| Dataset content |
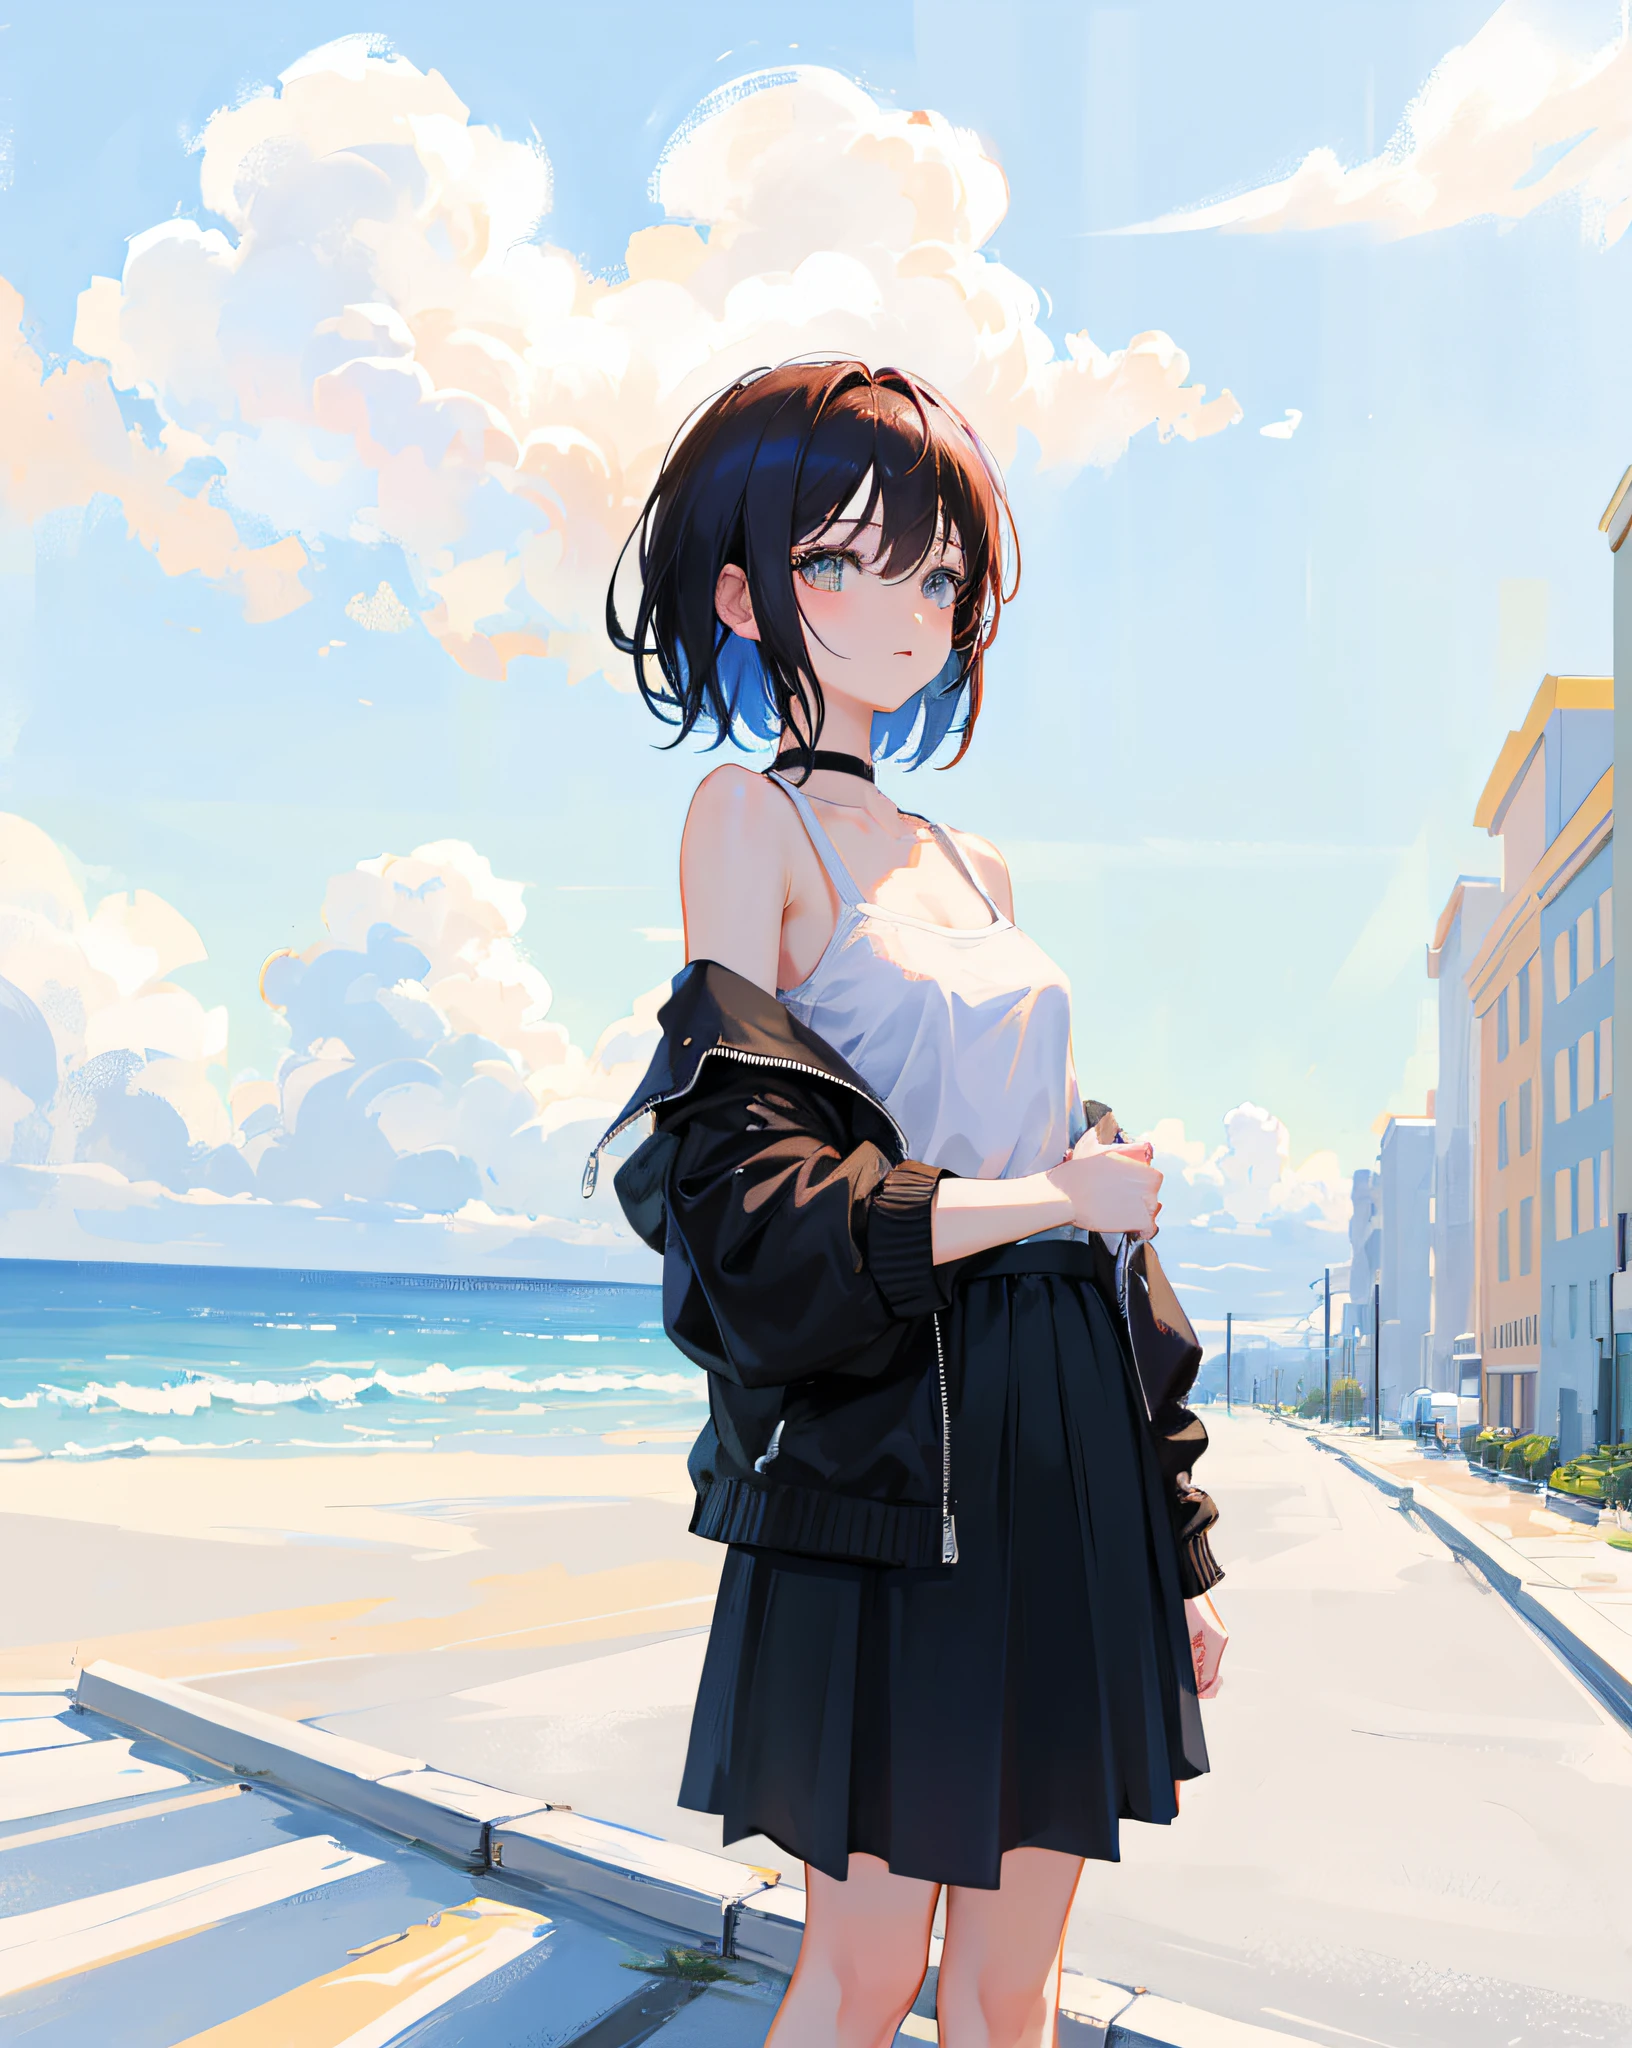 (Realistic painting style:1.0), Masterpiece, Best quality, absurderes, comic strip, illustration,
1 girl, medium hair, cute girl, young and cute girl, Korean girl, {Breasts}, kuan17, 
a girl in black top and grey skirt standing on street, wearing black camisole outfit, cute kawaii girl, photo of slim girl model, wearing a chocker, simple clothes, simple clothing, blue sky, sexy,

| Work task |
All lines above that contain the word "cute" are to be copied.

| Your solution |
1 girl, medium hair, cute girl, young and cute girl, Korean girl, {Breasts}, kuan17, 
a girl in black top and grey skirt standing on street, wearing black camisole outfit, cute kawaii girl, photo of slim girl model, wearing a chocker, simple clothes, simple clothing, blue sky, sexy,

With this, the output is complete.